To find the cost of 2 chairs, 1 table, and 2 fans, we can use the given information to set up a system of equations and solve for the unknown values.

Let's assume the cost of a chair is x, the cost of a table is y, and the cost of a fan is z.

1) Cost of 7 chairs, 2 tables, and 5 fans is Rs. 9350:
7x + 2y + 5z = 9350

2) Cost of 3 chairs and a fan is Rs. 1950:
3x + z = 1950

Now we have a system of two equations with three unknowns. To solve this system, we need to eliminate one variable.

Multiplying equation 2 by 5, we get:
15x + 5z = 9750

Now we can subtract equation 1 from equation 3 to eliminate z:
(15x + 5z) - (7x + 2y + 5z) = 9750 - 9350
8x - 2y = 400

Now we have two equations with two unknowns:
7x + 2y + 5z = 9350
8x - 2y = 400

Solving these equations, we can find the values of x and y.

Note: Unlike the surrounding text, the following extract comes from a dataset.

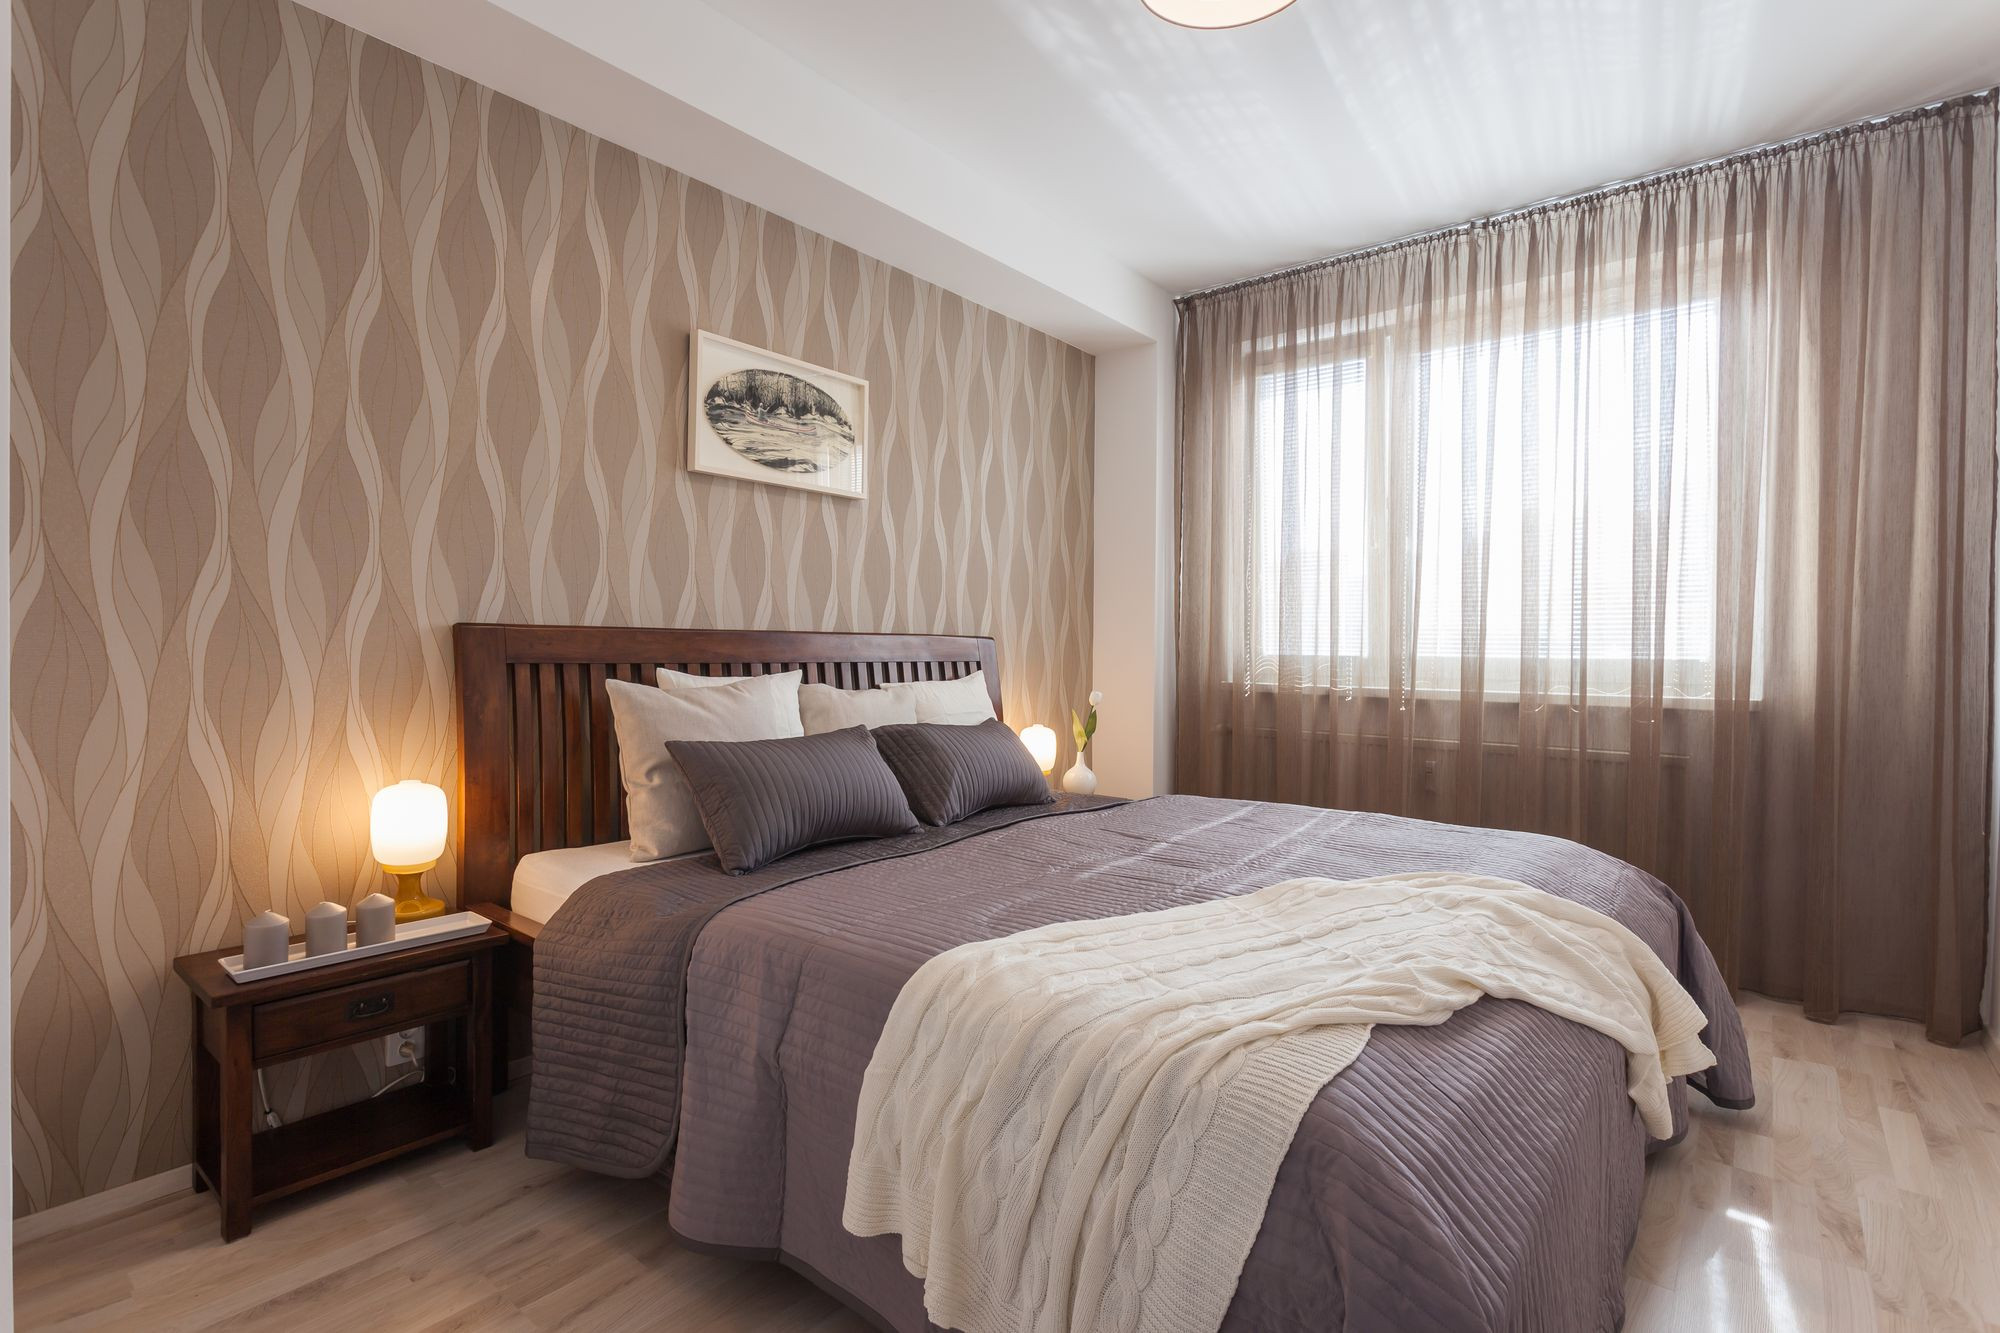 Manželská posteľ s drevenými nočnými stolíkmi

Multiplying equation 2 by 4, we get:
32x - 8y = 1600

Adding equation 4 to equation 1, we eliminate y:
(7x + 2y + 5z) + (32x - 8y) = 9350 + 1600
39x + 5z = 10950

We can solve this equation together with equation 3 to find the values of x and z.

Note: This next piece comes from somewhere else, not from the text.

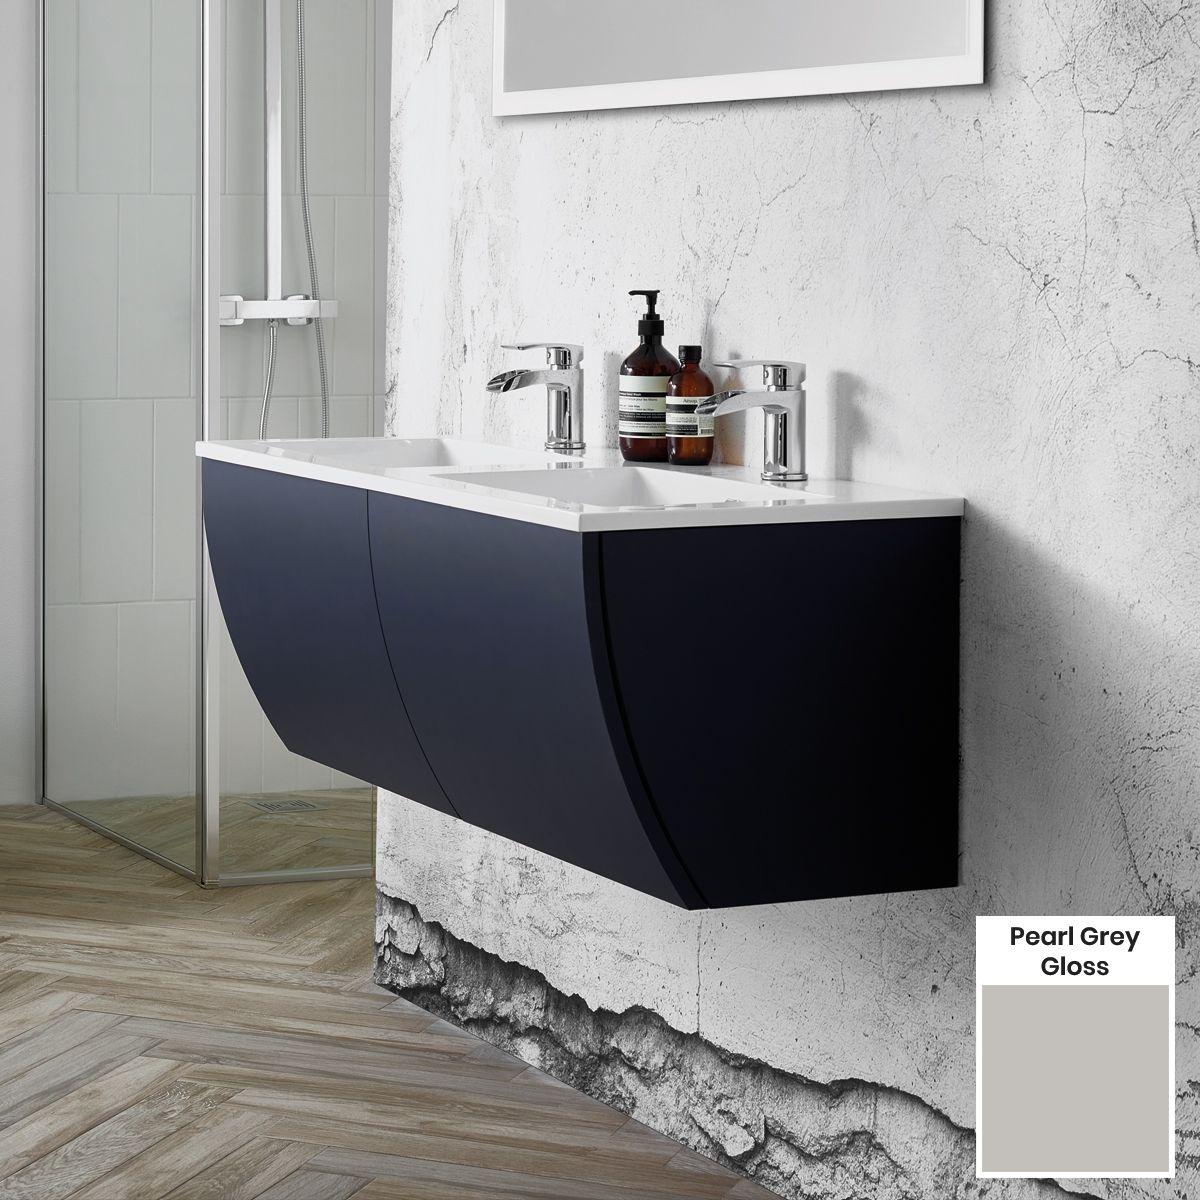 Elation Kiyo Pearl Grey Gloss Vanity Unit 1100mm

Multiplying equation 3 by 5, we get:
35x + 5z = 9750

Now we can subtract equation 5 from equation 6 to eliminate z:
(39x + 5z) - (35x + 5z) = 10950 - 9750
4x = 1200
x = 300

Substituting the value of x back into equation 3, we can find the value of z:
3x + z = 1950
3(300) + z = 1950
900 + z = 1950
z = 1050

Now that we have the values of x and z, we can substitute them into equation 1 to find the value of y:
7x + 2y + 5z = 9350
7(300) + 2y + 5(1050) = 9350
2100 + 2y + 5250 = 9350
2y + 7350 = 9350
2y = 2000
y = 1000

Therefore, the cost of 2 chairs, 1 table, and 2 fans is:
2x + y + 2z = 2(300) + 1000 + 2(1050) = 600 + 1000 + 2100 = Rs. 3700

Hence, the correct answer is option 'D', Rs. 3700.